» **What the task requires**
The listing below should be printed again word for word, without any images.

» **Provided data**
/---

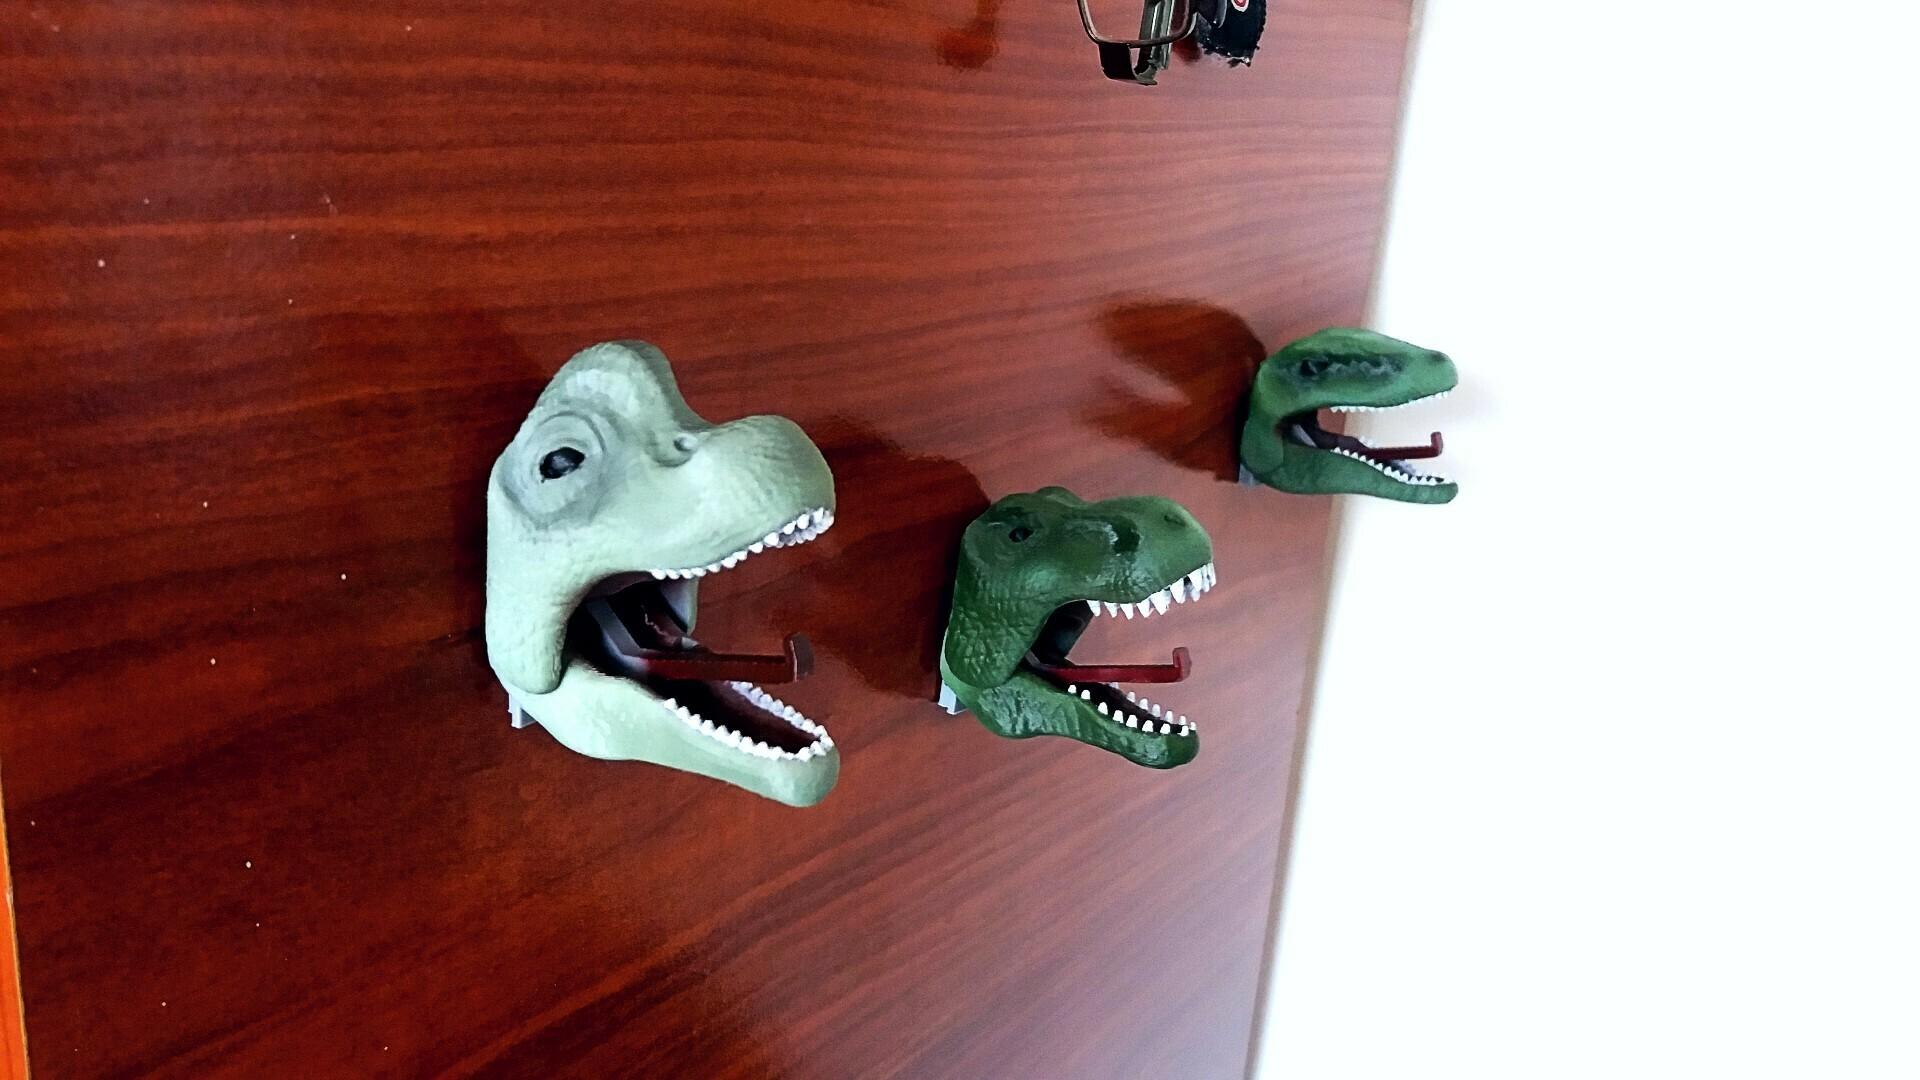 5 foto dinos.jpg Télécharger fichier STL Pendre les dinosaures • Objet à imprimer en 3D, Aslan3d
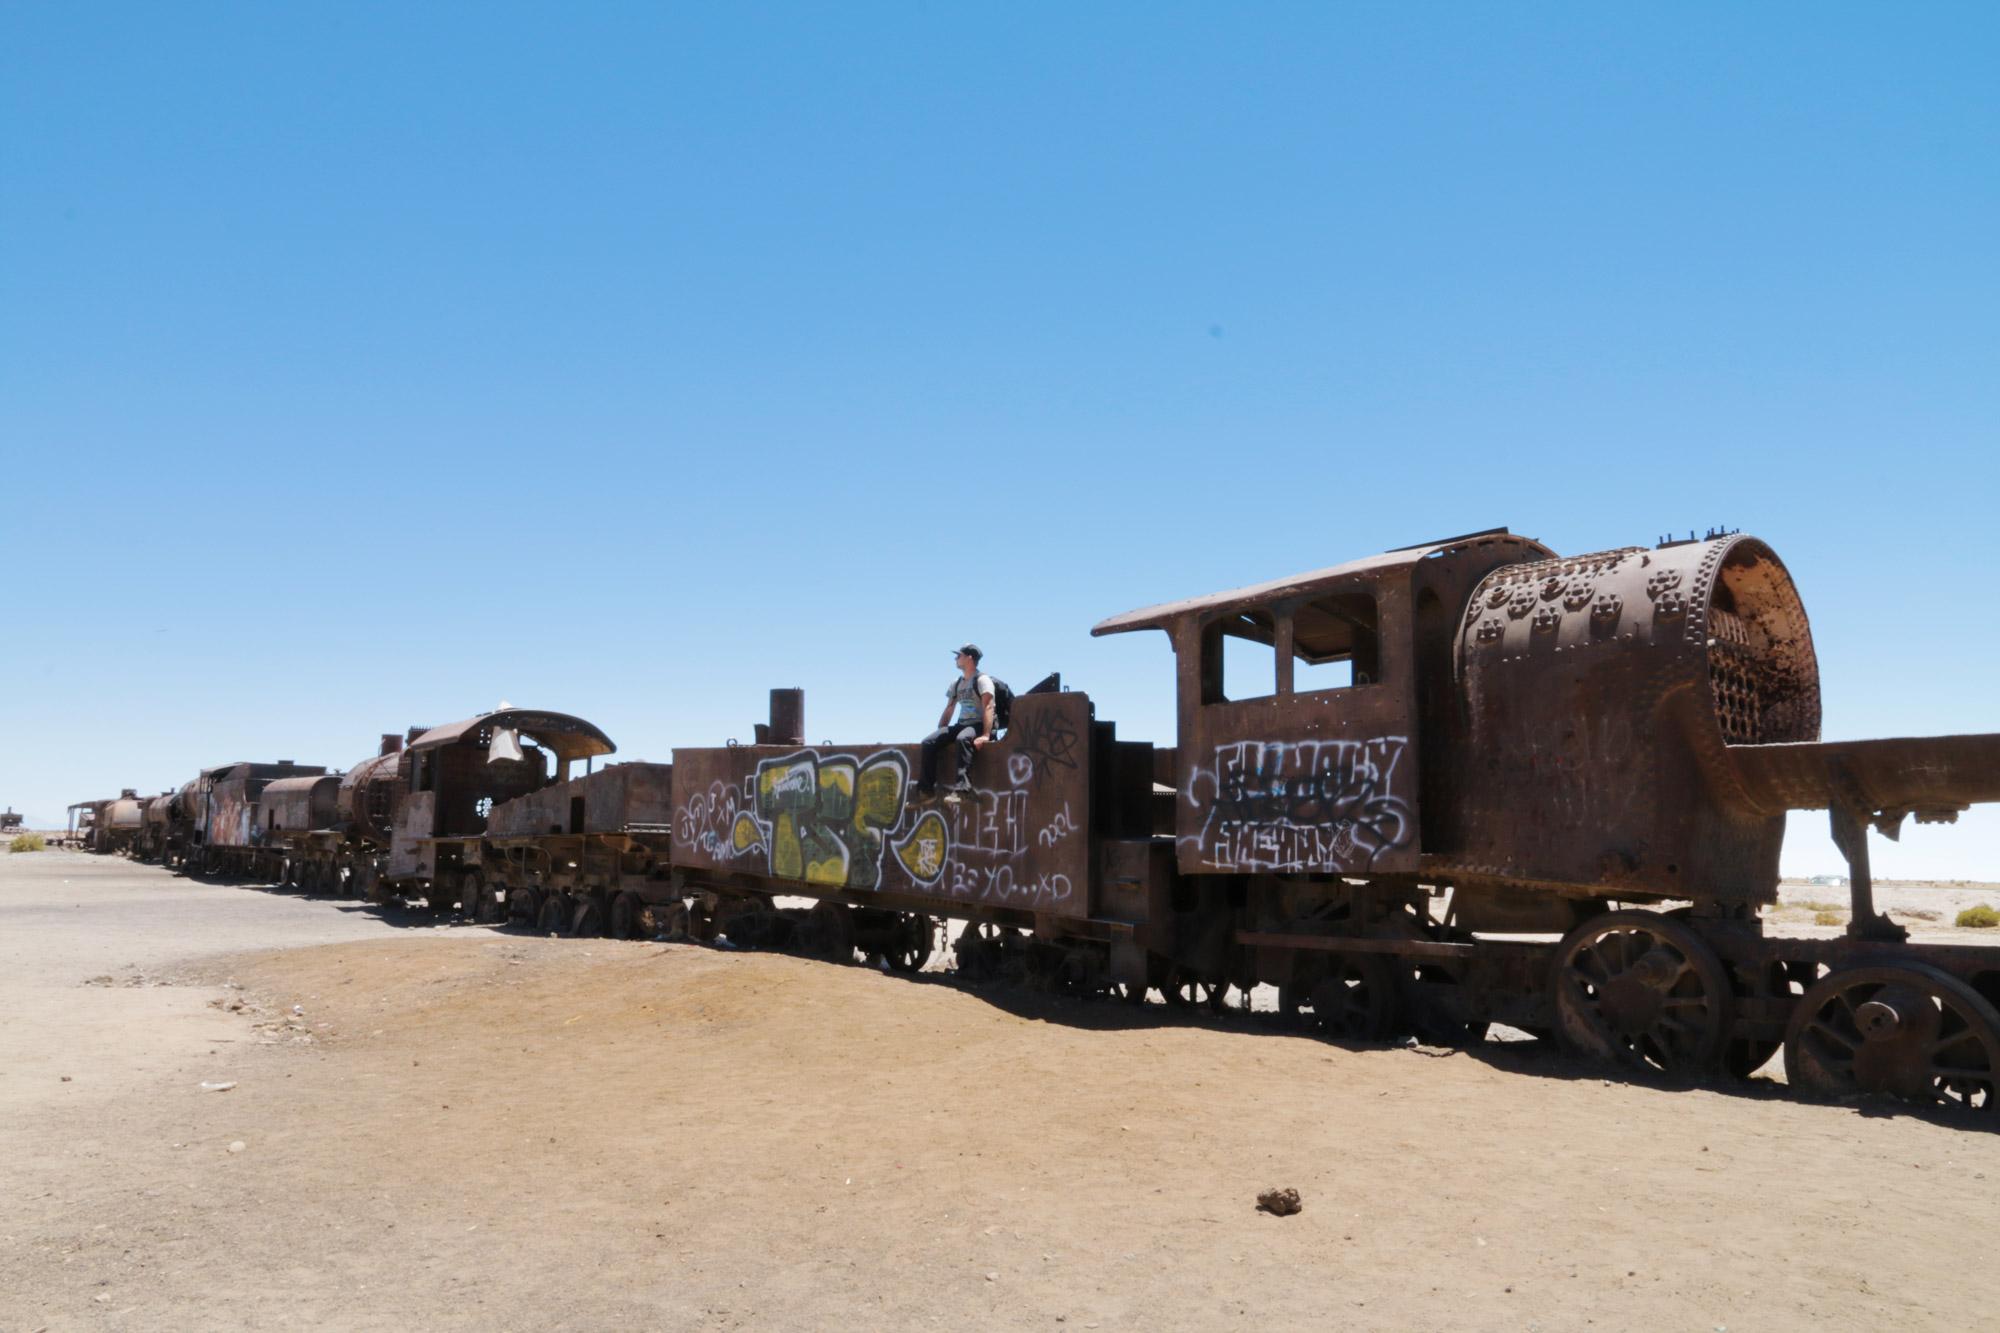 Reisverslag Bolivia: 's wereld grootste zoutvlakte - Cementerio de Trenes
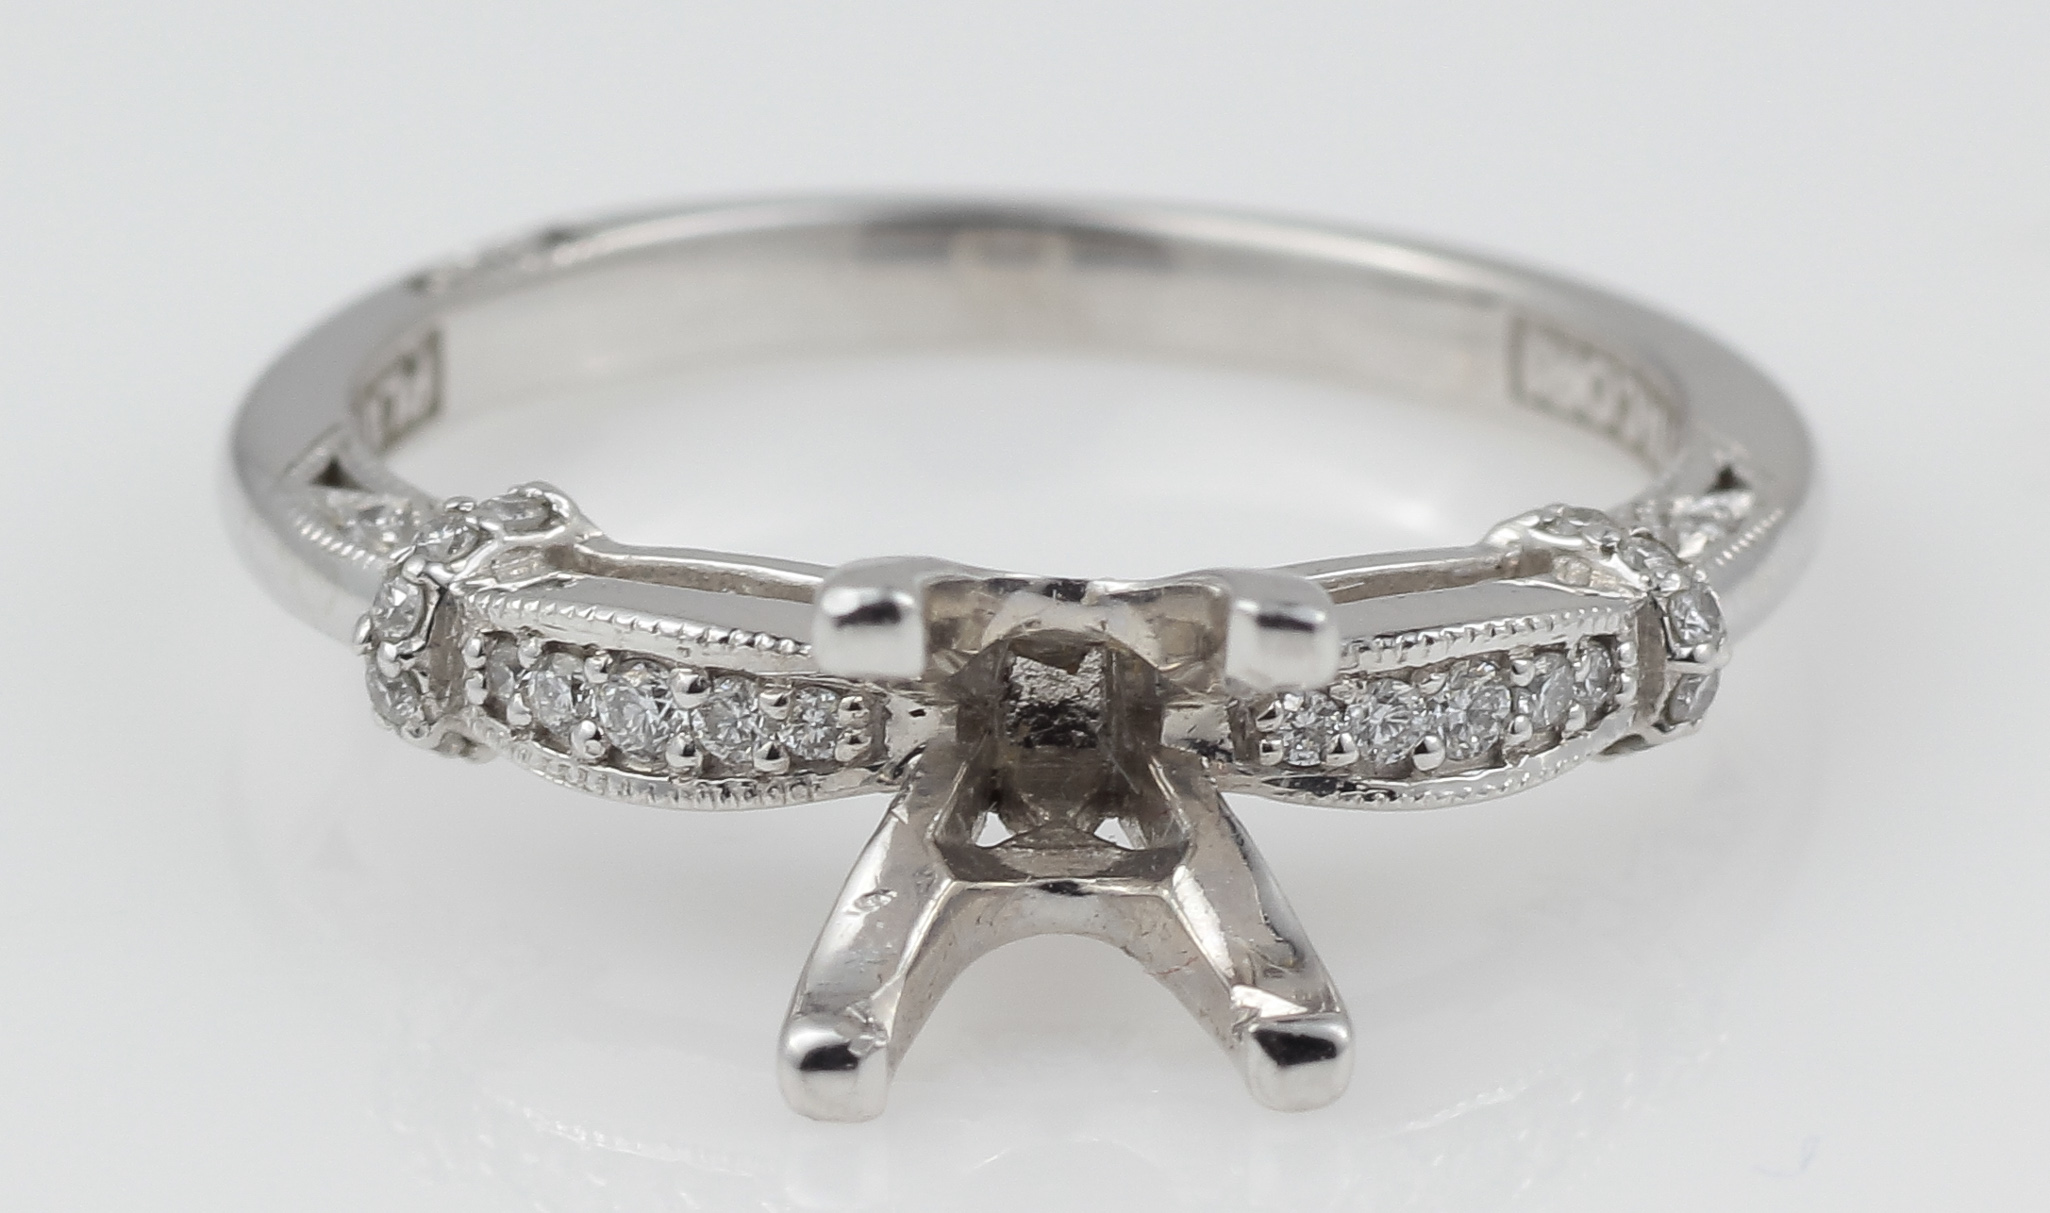 d0b5521af6739 Details about Platinum Tacori Ring Diamond Semi-Mount Raised Gallery Simply  Tacori

\---

» **Task solution**
 5 foto dinos.jpg Télécharger fichier STL Pendre les dinosaures • Objet à imprimer en 3D, Aslan3d
 Reisverslag Bolivia: 's wereld grootste zoutvlakte - Cementerio de Trenes
 d0b5521af6739 Details about Platinum Tacori Ring Diamond Semi-Mount Raised Gallery Simply  Tacori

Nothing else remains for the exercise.